The enrichment analysis of co-DEGs by the R package clusterProfiler and Metascape. Detailed information relating to GO term enrichment in A BP, CC, and MF. B KEGG analysis for co-DEGs. C Heatmap of enriched terms across the co-DEGs via the online program Metascape

PPI network analysis

Using the STRING database, we performed PPI network analysis for the co-DEGs. We identified 54 edges and 26 nodes from the network of co-DEGs, and the data are shown in Fig. 4A. Furthermore, ten hub genes, including CCR2, CCL20, PTPRC, CXCR2, CXCL1, MNDA, S100A9, NCF2, S100A12, and S100A8, were identified from the PPI network owing to have the highest scores (Fig. 4B and Table 2).

Fig. 4
figure 4

The PPI network of the co-DEGs, the hub gene network, the correlation analyses among the hub genes, and the expression profile analyses of the hub genes. A The PPI network includes 54 edges and 26 nodes. B The hub gene network (S100A12, CXCR2, MNDA, S100A8, NCF2, CCR2, S100A9, PTPRC, CCL20, and CXCL1). C The Circos plot showing that there are intense correlations among the hub genes in GSE79768. D Significant correlations among the hub genes were also performed in the GSE63067 dataset. E The expression profile of the hub genes for the control and AF samples in GSE79768. F The expression profile of the hub genes for the healthy group and NAFLD samples in GSE63067. Red indicates that gene expression is upregulated, and blue indicates that gene expression is downregulated.

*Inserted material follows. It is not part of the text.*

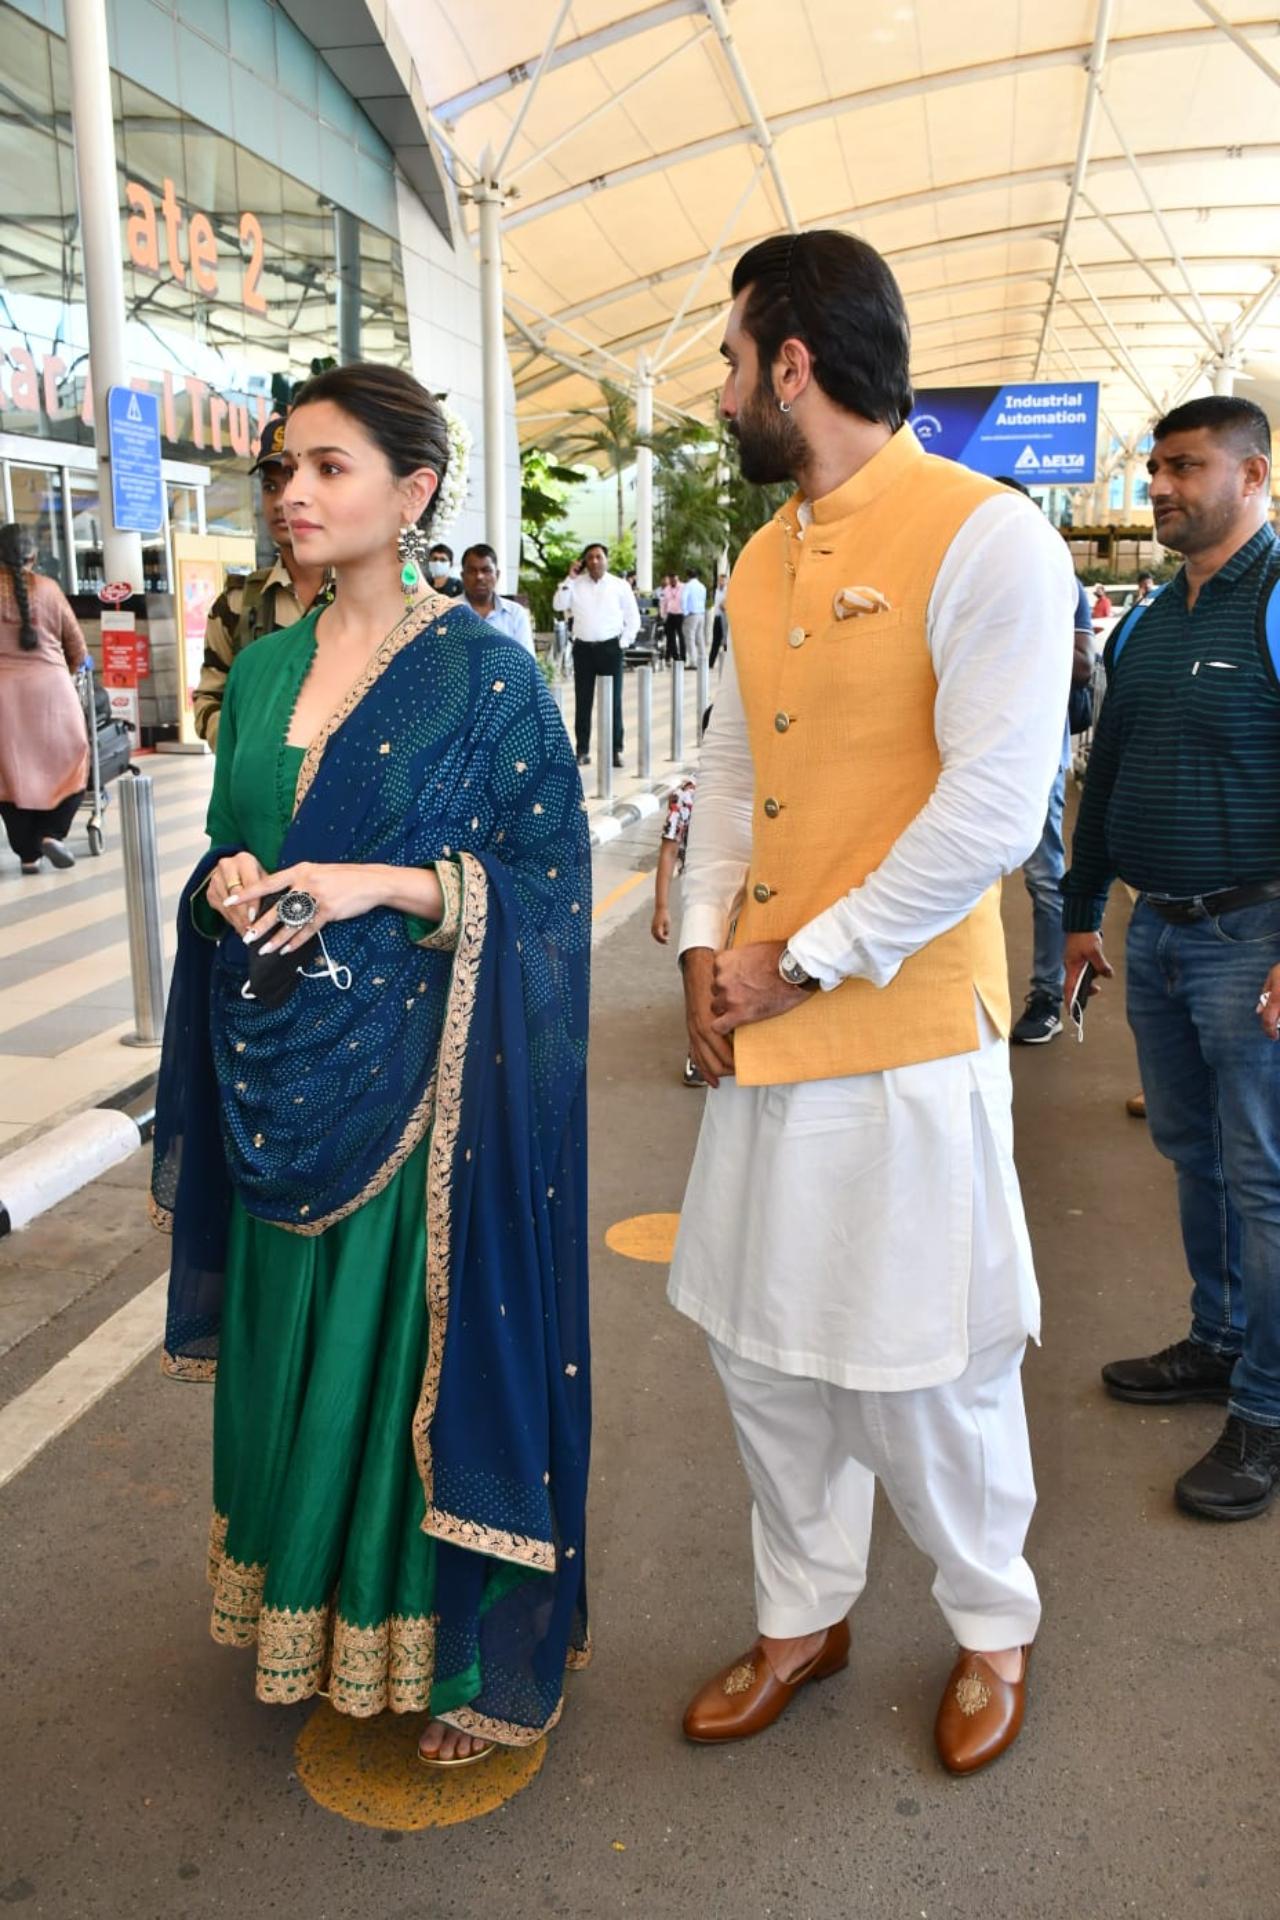 The three are currently visiting Ujjain to go to the Mahakaleshwar temple ahead of the film's release. Alia took to her Instagram handle and shared a short clip in which she along with Ranbir and Ayan were seen sitting inside a car
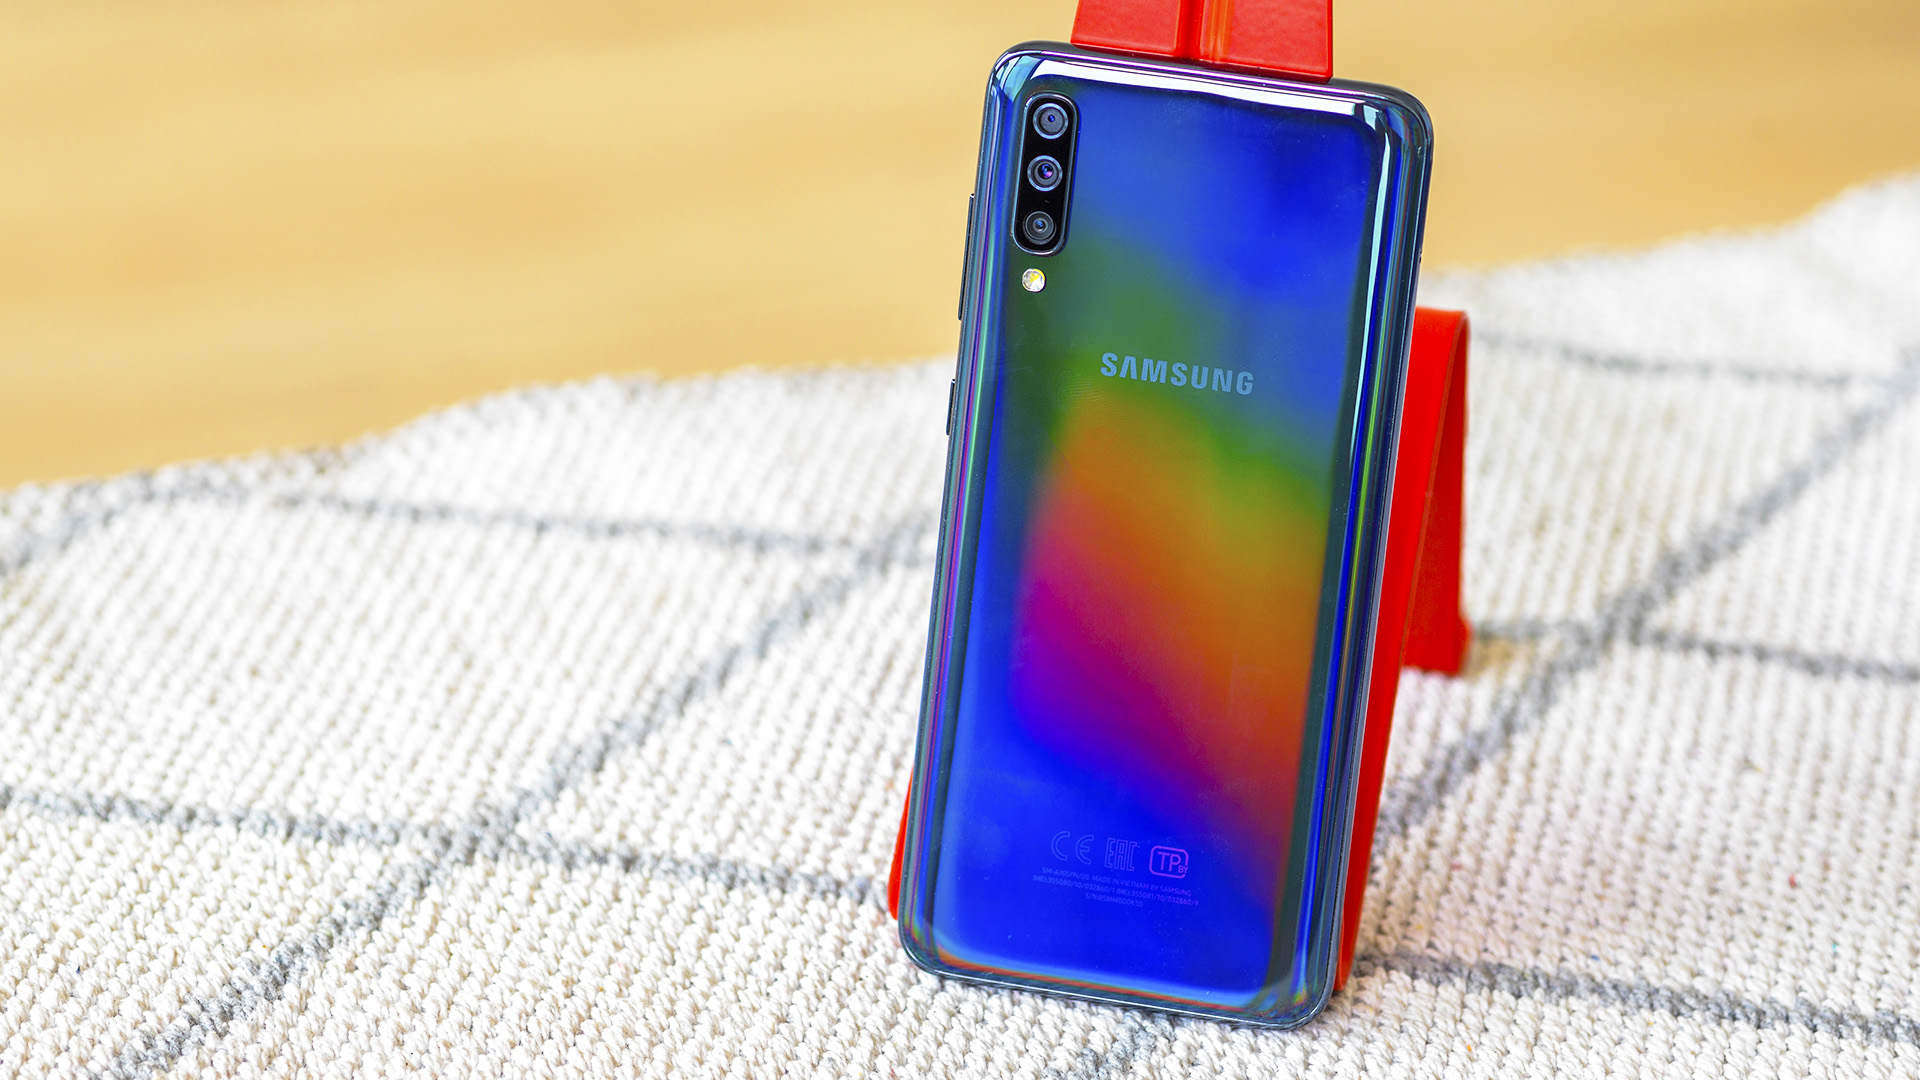 Samsung Galaxy A70s rollout in India with Android 10

In the same color, the darker the color, the more significant it was

Table 2 Hub genes with the highest scores

Strong correlation between the hub genes and AF/NAFLD

By analyzing the expression profiles of ten hub genes in the GSE79768 dataset, a strong correlation between all the hub genes and AF was found, as shown in Fig. 4C. To further illustrate the differential expression of key genes in AF patients, we drew a heatmap that shows the expression data of the hub genes involved in the GSE79768 dataset (Fig. 4E). The expression of CXCR2, PTPRC, CCR2, MNDA, NCF2, S100A9, S100A8, and S100A12 was upregulated in AF patients compared with the individuals in the control group. In addition, significant correlations were also confirmed in the GSE63067 dataset (Fig. 4D). Similarly, the expression levels of the hub genes in GSE63067 are shown in another heatmap (Fig. 4F). When compared with the individuals in the healthy group, the expression of CXCR2, PTPRC, CCR2, MNDA, NCF2, S100A9, S100A8, and S100A12 was also upregulated in NAFLD patients. Univariate logistic regression analysis results suggested that CCR2, PTPRC, CXCR2, MNDA S100A9, NCF2, S100A12, and S100A8 were significantly correlated with AF (Table 3). The shape of the relationship between hub gene expression and AF was then investigated through binomial logistic regression for generalized linear models. The results of this model indicated that the relationship was monotonic. From another perspective, the risk of AF increases with increased hub gene expression (Fig. 5).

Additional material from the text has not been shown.